**EXERCISE DATA**
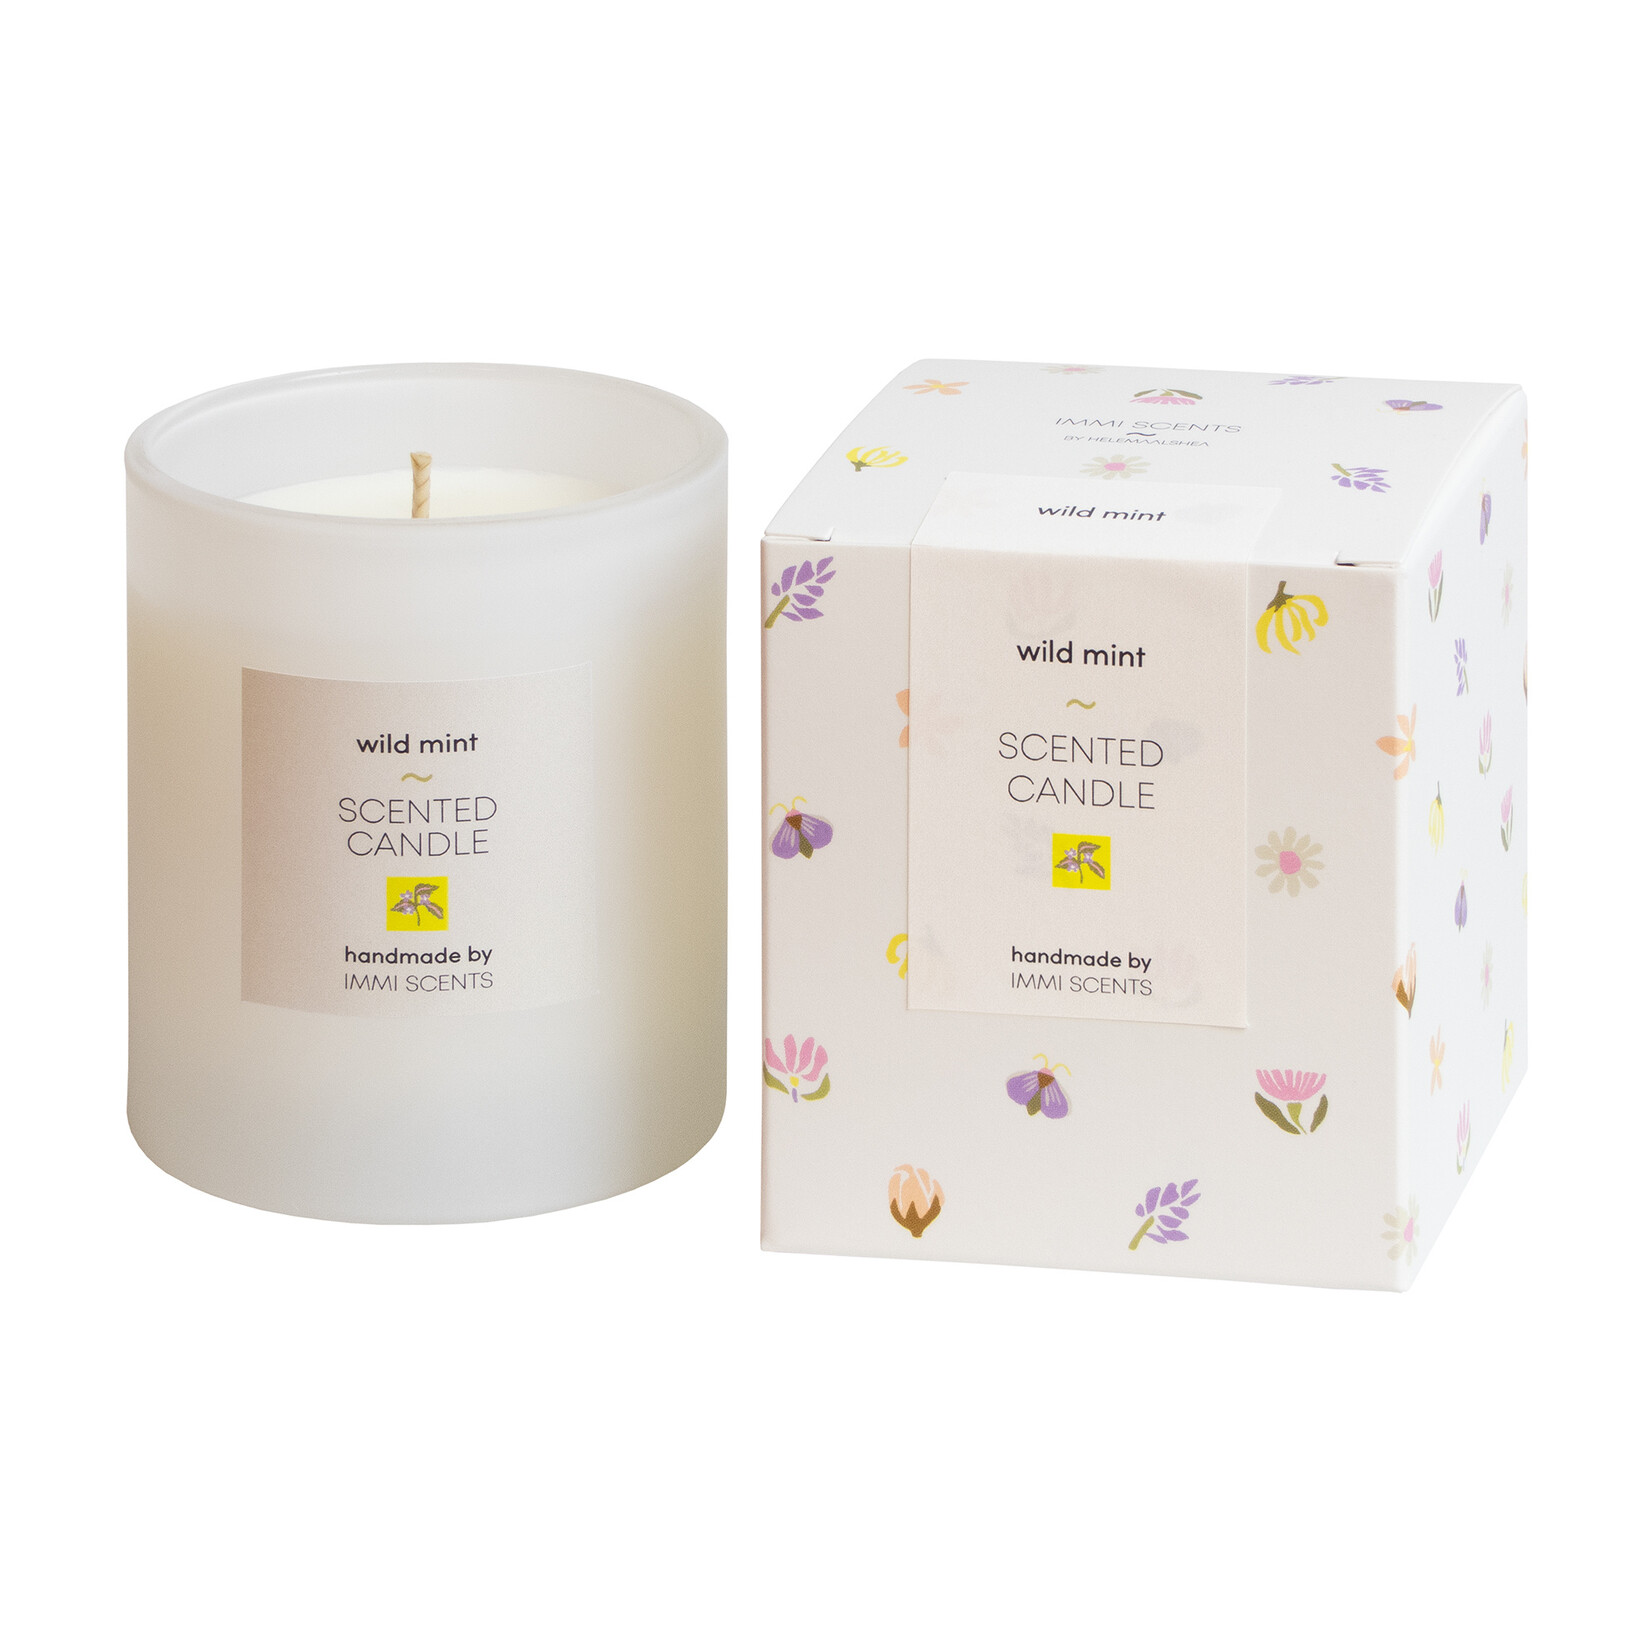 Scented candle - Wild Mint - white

...

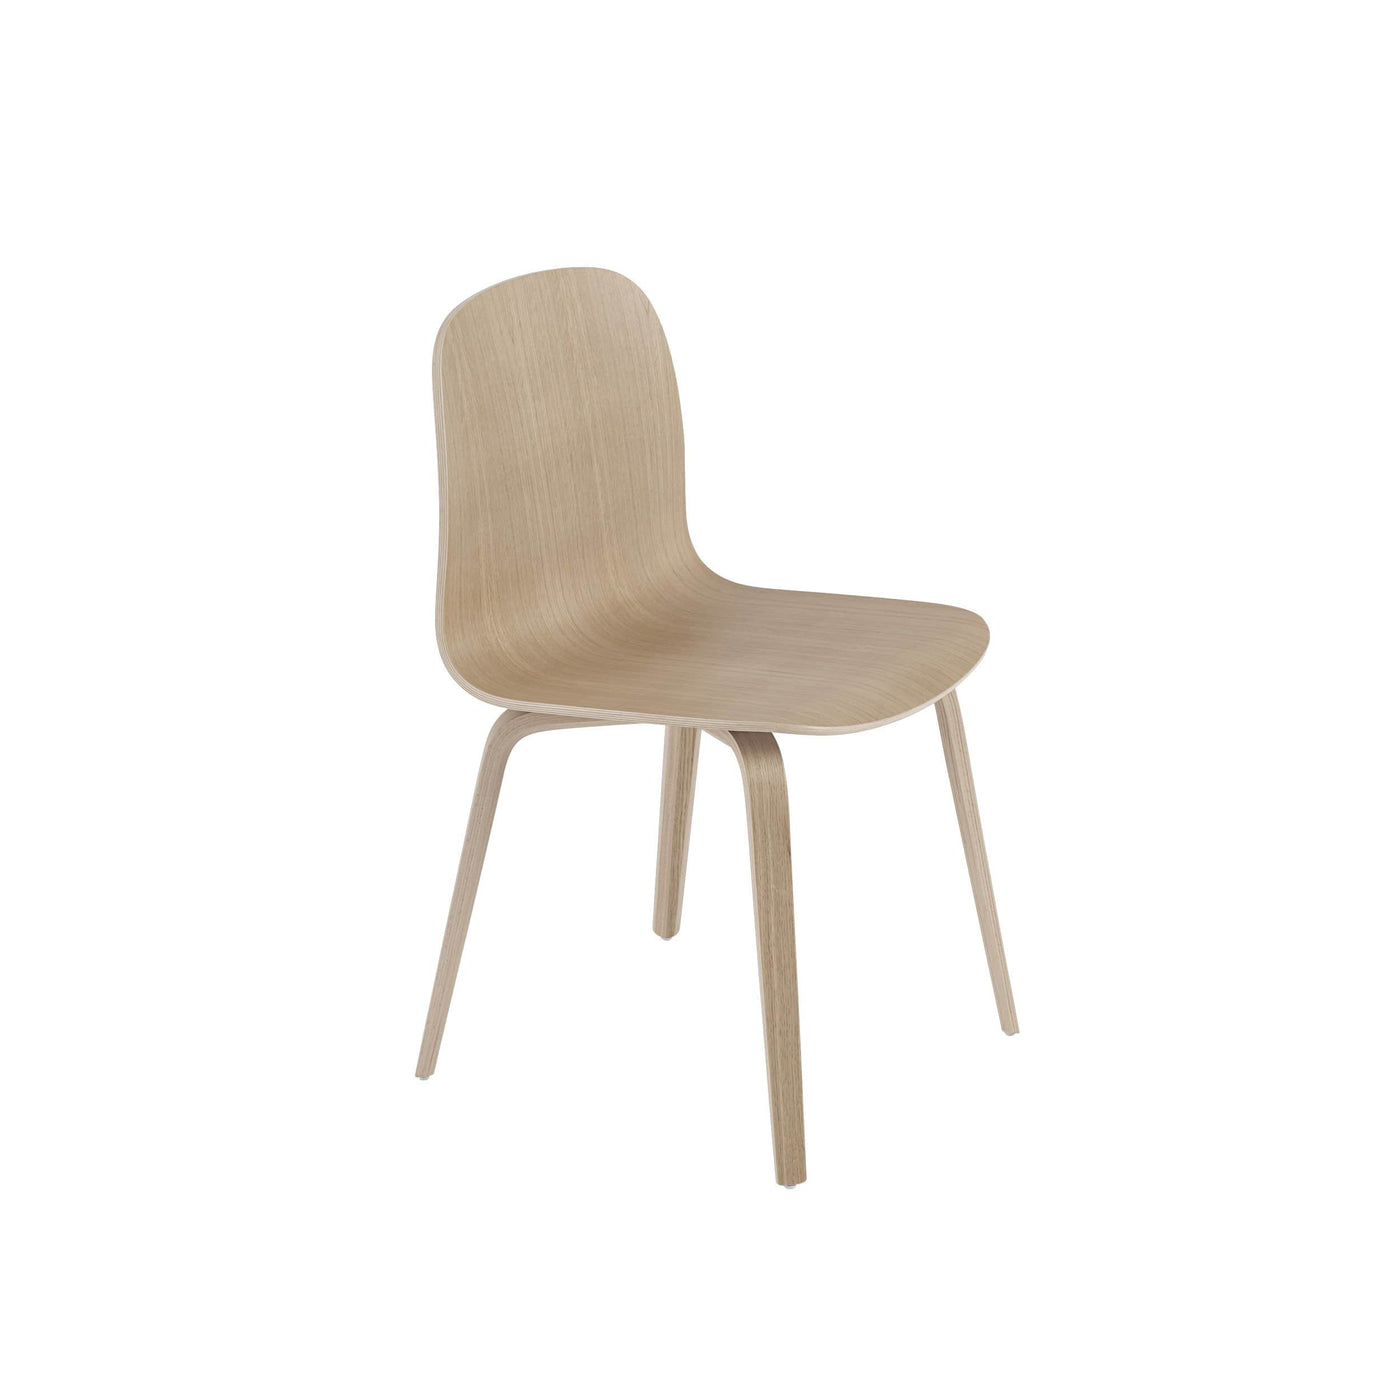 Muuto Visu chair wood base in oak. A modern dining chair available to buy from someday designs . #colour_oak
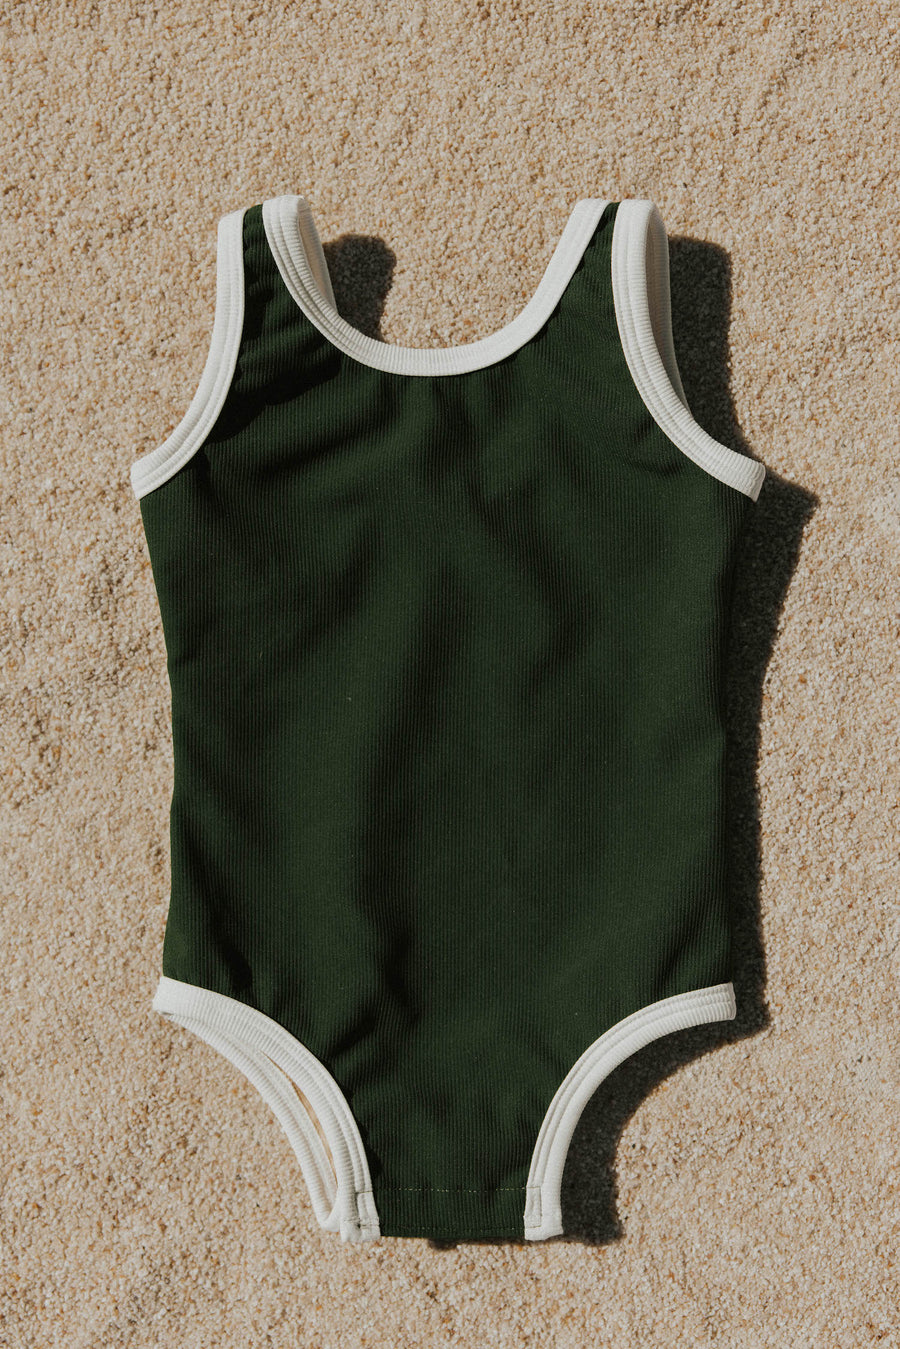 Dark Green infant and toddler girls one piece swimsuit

==

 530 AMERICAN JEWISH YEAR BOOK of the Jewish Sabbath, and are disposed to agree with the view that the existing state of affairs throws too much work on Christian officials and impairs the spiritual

**TASK BRIEF**
Print everything from the line with "Muuto Visu chair" down to the line with "Dark Green infant" in the entries above, both lines included and nothing more, without the pictures.

**TASK SOLUTION**
 Muuto Visu chair wood base in oak. A modern dining chair available to buy from someday designs . #colour_oak
 Dark Green infant and toddler girls one piece swimsuit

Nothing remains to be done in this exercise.